Closed Bug 1180138 Opened 9 years ago Closed 9 years ago

Close old and in-active intermittent-failure bugs

Categories

(Tree Management Graveyard :: OrangeFactor, defect)

defect
Not set
normal

Tracking

(Not tracked)

RESOLVED FIXED

People

(Reporter: emorley, Assigned: emorley)

Details

We're had numerous rounds of closing old and inactive intermittent failure bugs, however most of the time, we've limited searches to bugs that have had comments by tbplbot, in order to reduce false positives.

However this ignores:
* bugs where there was only one occurrence, that were created before treeherder
* bugs that never worked for bug suggestions, and haven't occurred since we've been using treeherder
(Treeherder comments on bugs, even if they were not suggested, unlike TBPL)
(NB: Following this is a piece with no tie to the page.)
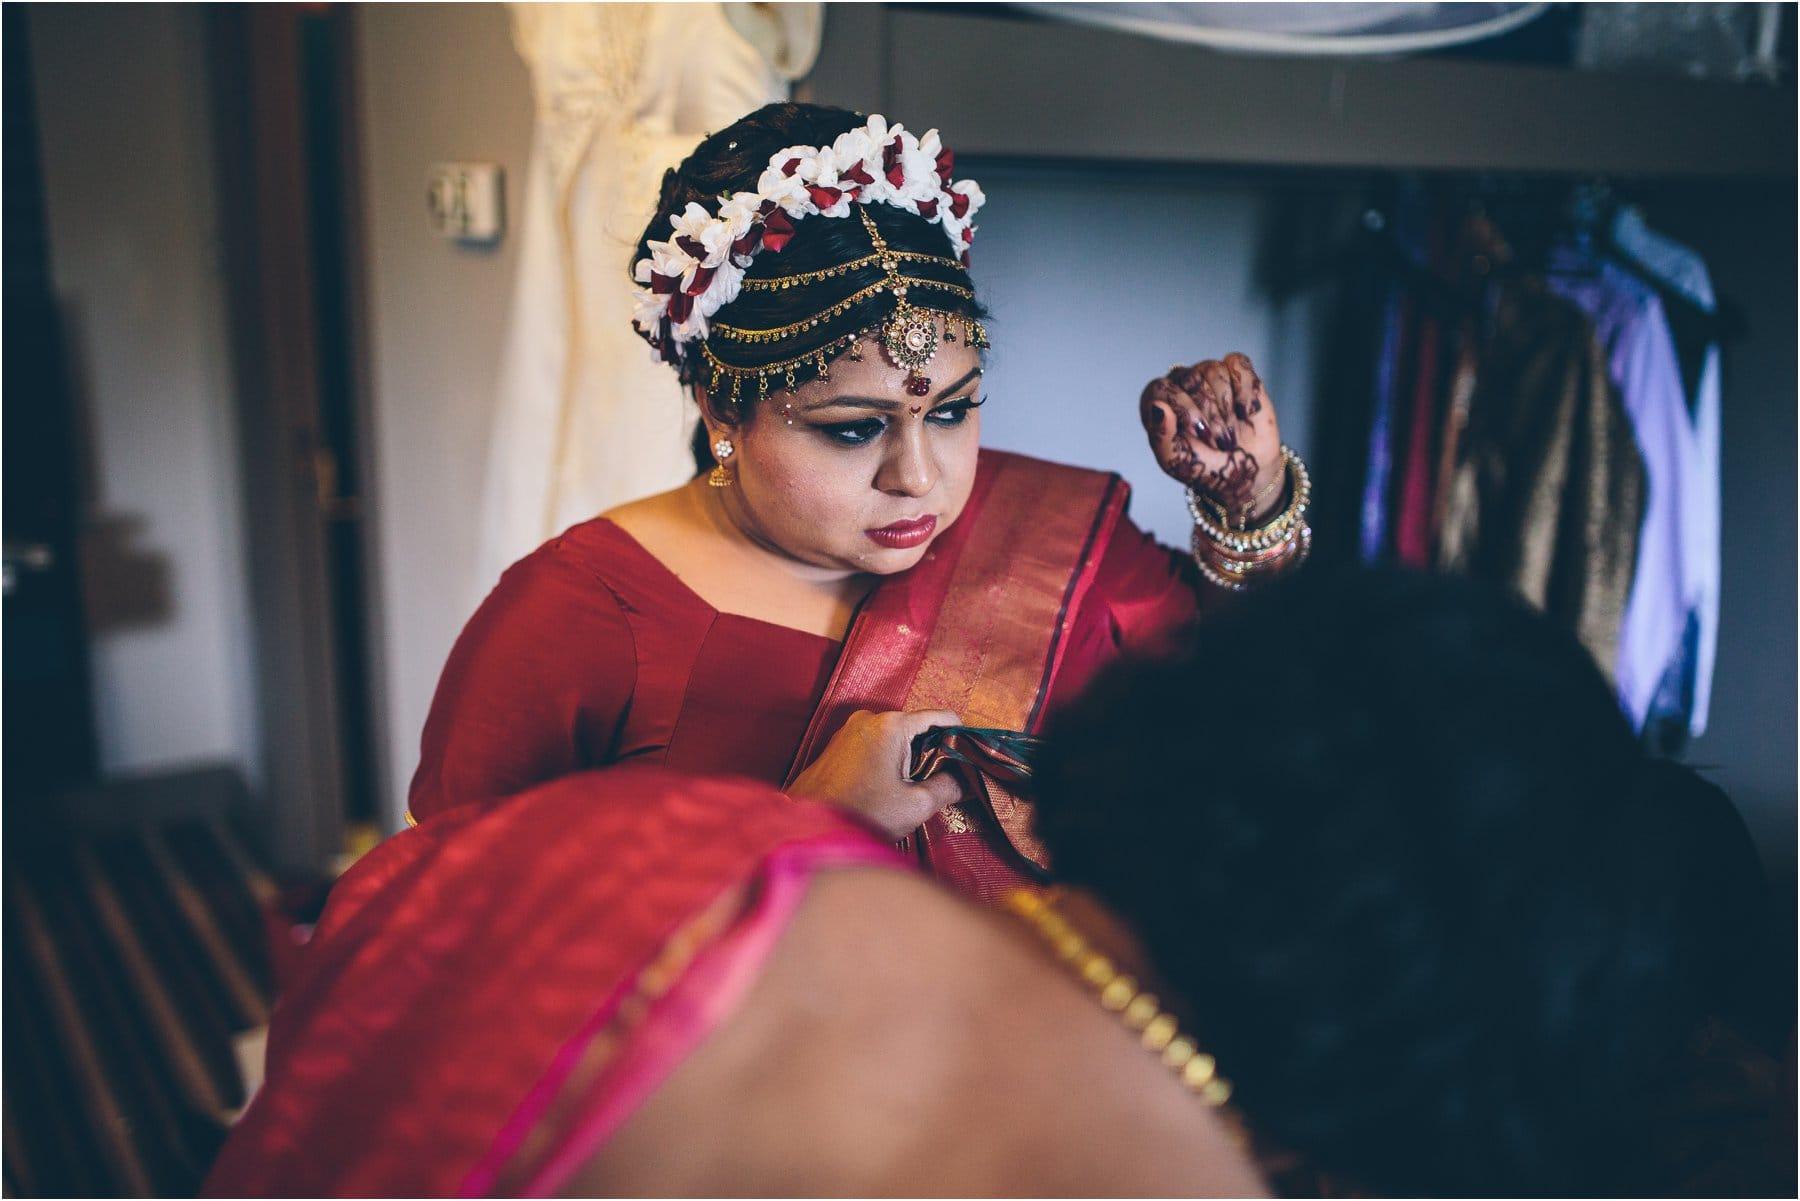 Lancashire_Indian_Wedding_Photography_0070

In addition, we likely have a number of bugs that do have tbplbot comments, but are just new candidates since the last round of closures.

Currently...

Total intermittent failure bugs: 16018
Number still open: 5018
(https://bugzilla.mozilla.org/bzapi/count?keywords=intermittent-failure&resolution=---)

And so the bugspam begins (sorry!)...
The criteria I'm using for now are:
* Has a resolution of "---"
* Has the keyword "intermittent-failure"
* Hasn't been modified in the last 3 months
* Doesn't contain "leave-open" or "leave open" in the whiteboard
* Doesn't have the keyword "leave-open" set
* Contains none of the strings "random disabled marked fuzzy todo fails annotated time-bomb" in the whiteboard
* A comment contains either "getParsedLog" or "treeherder"
Bug 1156105 would allow me to avoid spamming everyone, but unfortunately it's not landed yet.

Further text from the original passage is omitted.